§ Exercise brief: The output should be every line below, retyped exactly, with no images.

§ Data excerpt:
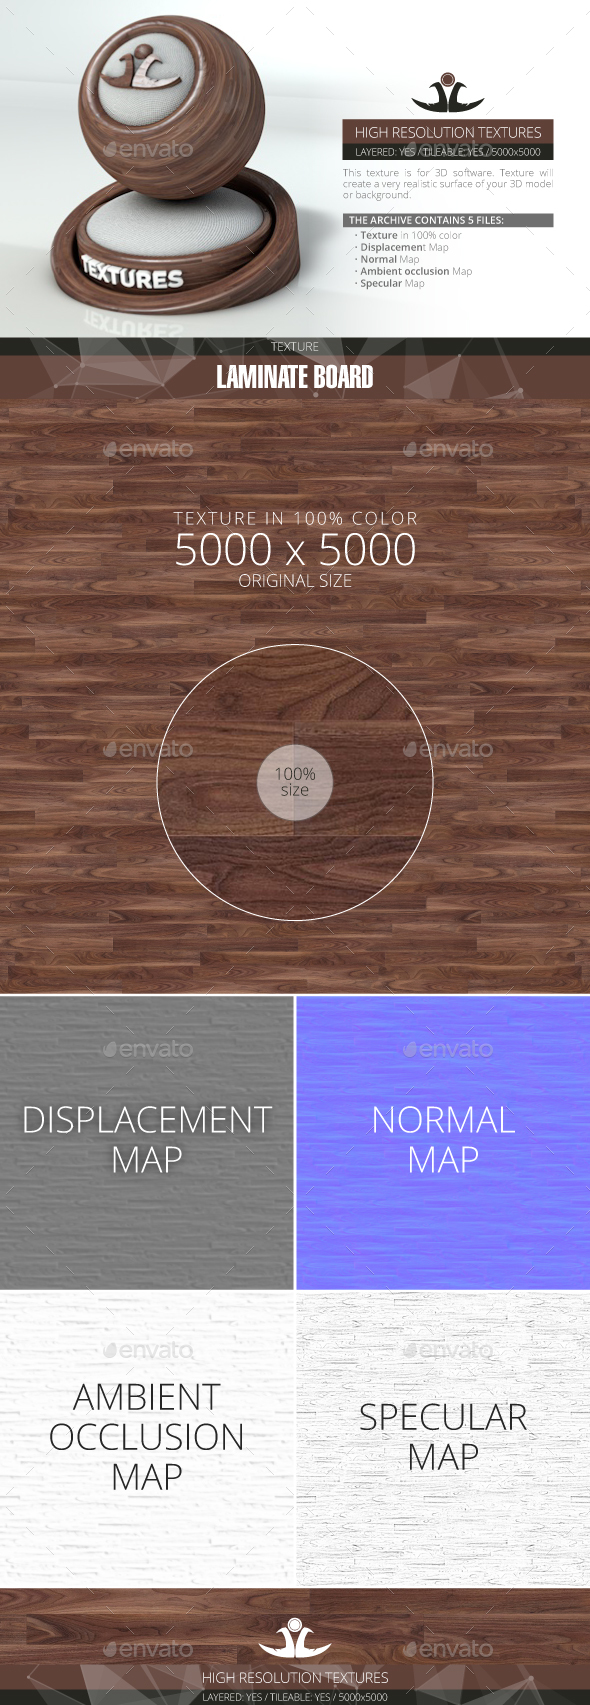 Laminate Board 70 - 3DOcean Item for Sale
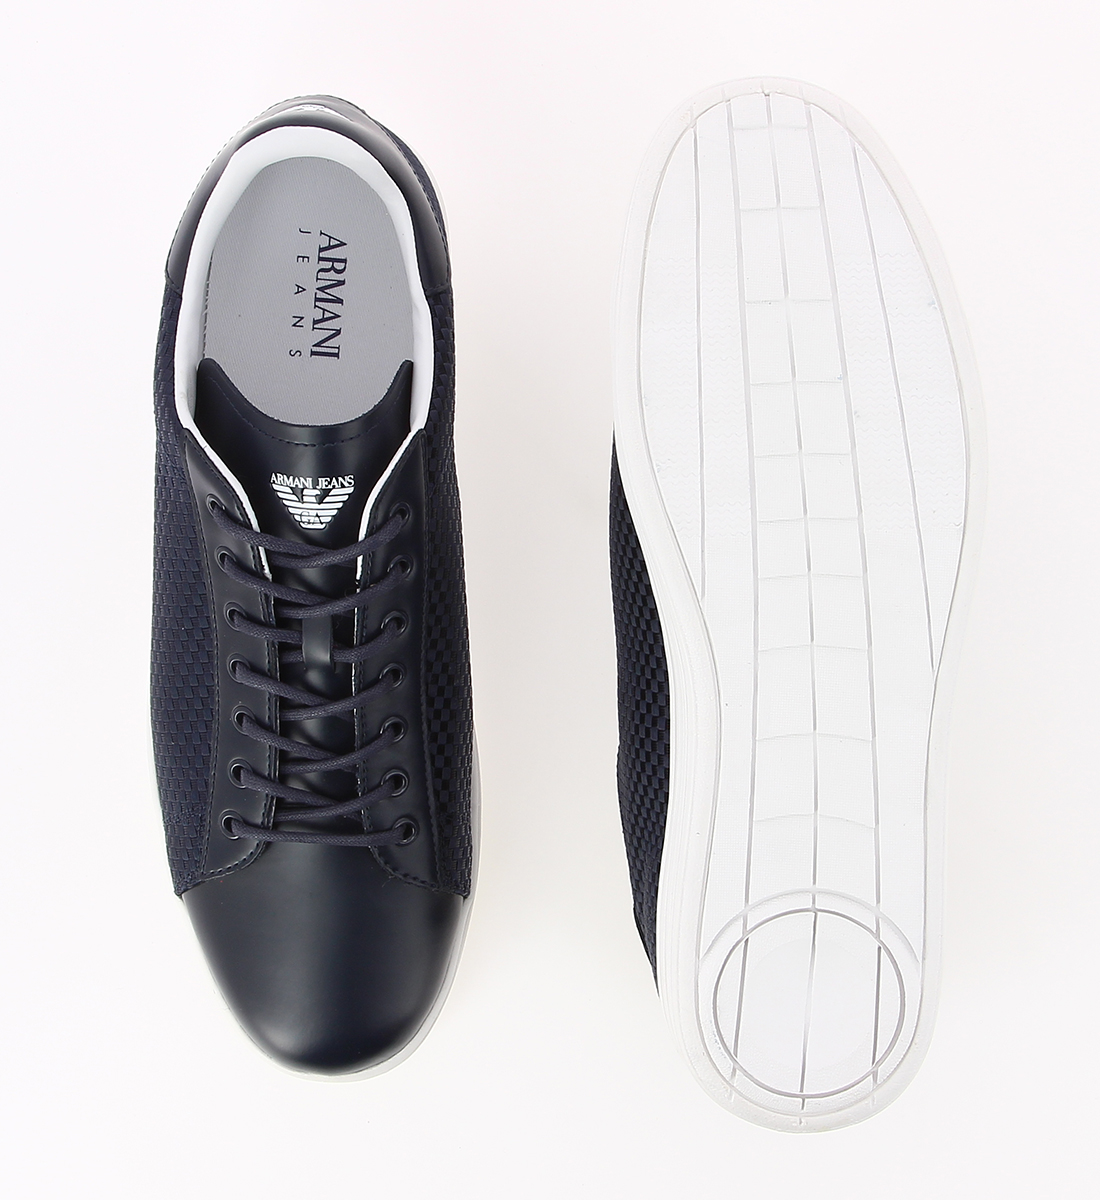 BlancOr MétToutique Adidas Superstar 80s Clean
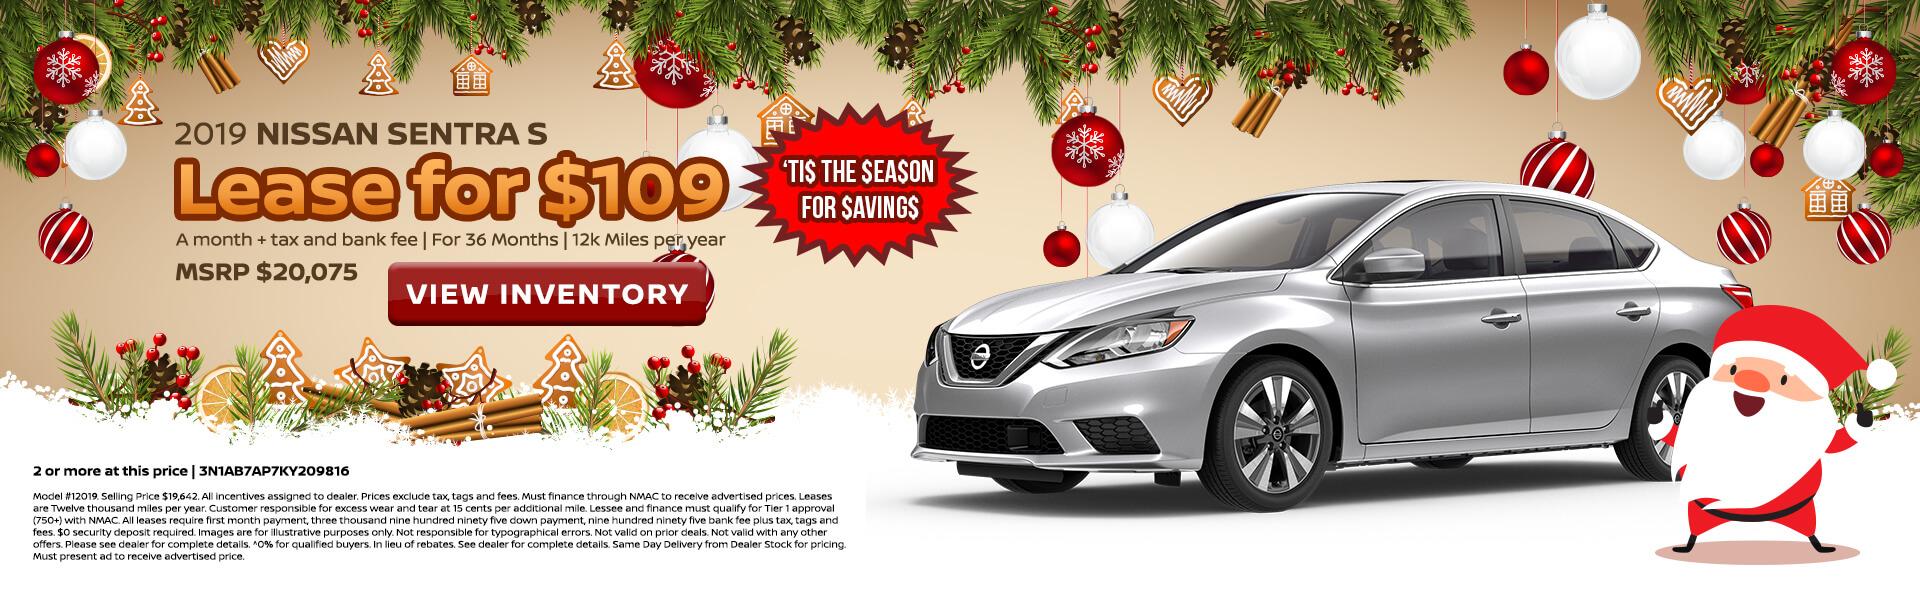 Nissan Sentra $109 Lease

§ Reply:
 Laminate Board 70 - 3DOcean Item for Sale
 BlancOr MétToutique Adidas Superstar 80s Clean
 Nissan Sentra $109 Lease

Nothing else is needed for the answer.